«Наш проект — это та Россия, про которую Запад забыл»

Тереза Иароччи Мавика о планах фонда V-A-C и будущем русского искусства

Директор фонда V-A-C Тереза Иароччи Мавика привыкла жить между Москвой, Венецией, Лондоном, Парижем и Амстердамом и успевать заниматься сразу несколькими глобальными проектами фонда. О них, а также о молодом русском искусстве, сотрудничестве с Ренцо Пьяно и щедрости с Терезой Мавикой поговорила ЕКАТЕРИНА КИБОВСКАЯ.

Тереза Иароччи Мавика

Фото: Архив пресс-службы

В Лондоне открылась международная перформативная программа V-A-C Live — плод коллективных усилий фонда V-A-C и галереи Whitechapel. Серия мероприятий под общим названием Cabaret Kultura включает в себя три вечера перформансов — 15, 16 и 17 сентября. В них участвуют молодые российские художники (Евгений Антуфьев, Александра Галкина, Сергей Сапожников, Саша Пирогова, Алевтина Кахидзе, музыкант Александр Селиванов и танцовщик Александр Кислов), международный тяжеловес-визионер Уильям Кентридж, а также авангардный театр «Ахе» из Санкт-Петербурга. Сильнейший состав участников делает эту экспериментальную программу исключительной — и в этом немало заслуг фонда V-A-C и его директора Терезы Иароччи Мавики. По просьбе “Ъ-Lifestyle” комиссар биеннале молодого искусства Екатерина Кибовская встретилась с Терезой Мавикой.

— Тереза, предлагаю заказать эспрессо — я вспоминаю наш с вами разговор про то, что итальянцы не понимают, как можно пить американо, — и поговорить о кабаре, а также о деятельности вашего фонда.

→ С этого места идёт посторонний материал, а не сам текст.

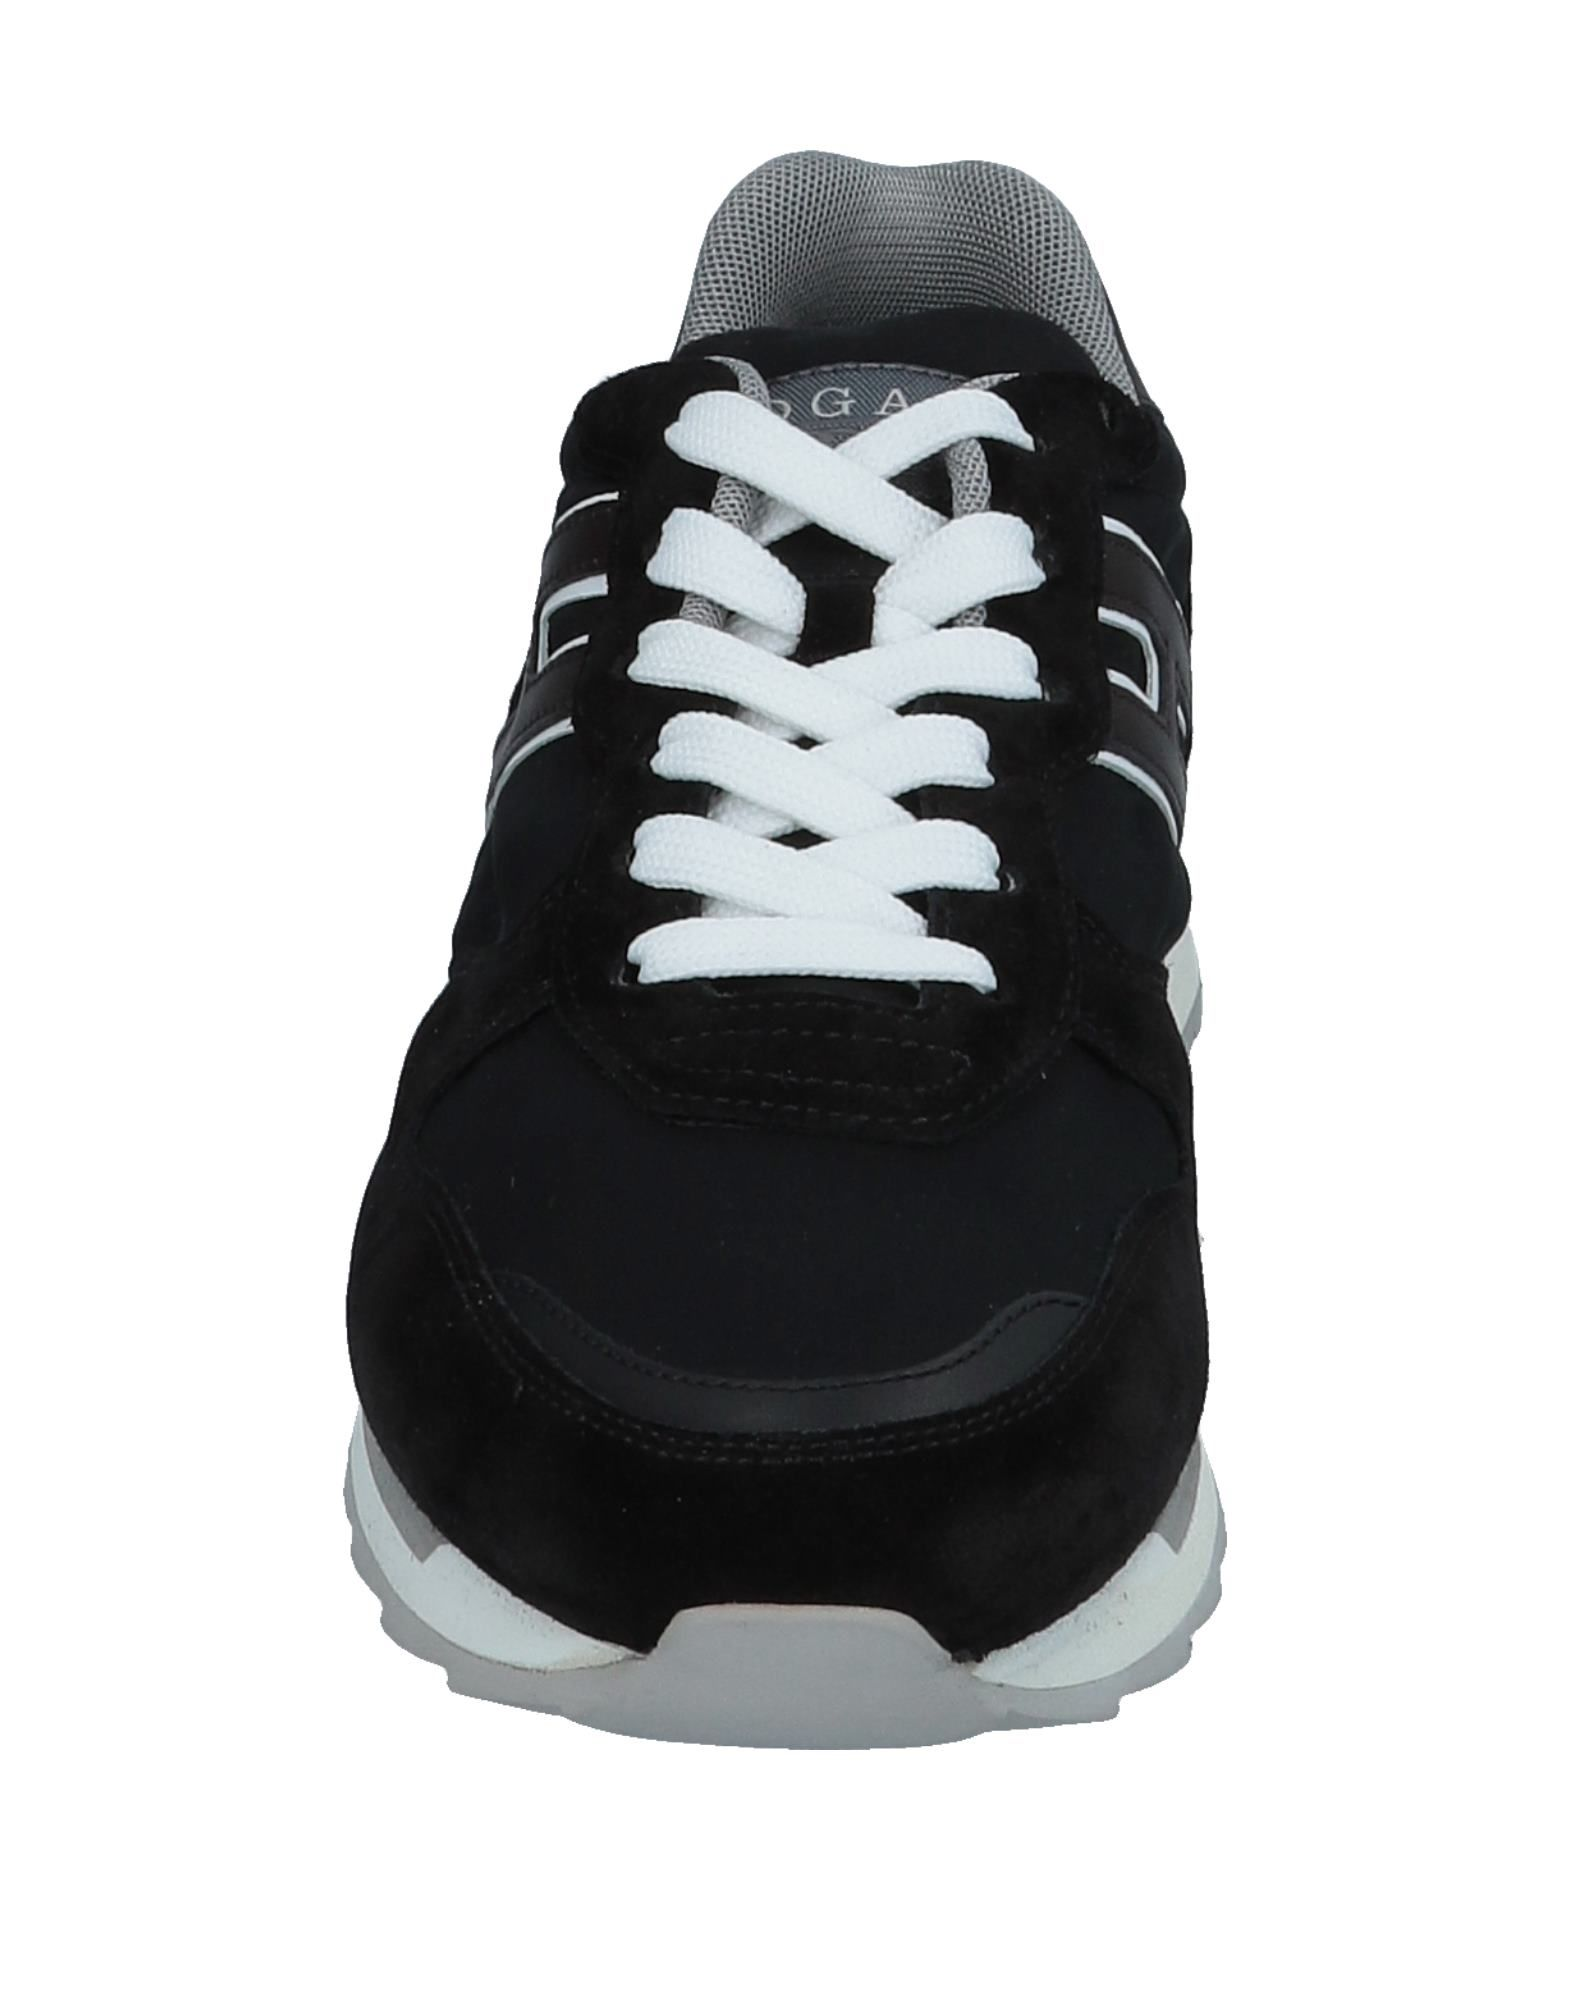 Hogan Rebel Sneakers Herren Herren Sneakers  11298170QH ff7cae

— Да-да, те, кто знаком со мной, знают, что кофе для меня — вопрос религии. (Смеется.) Если говорить о Cabaret Kultura, то мы запускаем большую совместную программу с галереей Whitechapel, которая будет длиться пять лет. Начинаем с трехдневной встречи русских и нерусских художников — это как раз и будет наше кабаре. В числе участников — Уильям Кентридж, у которого в Whitechapel в сентябре пройдет ретроспектива.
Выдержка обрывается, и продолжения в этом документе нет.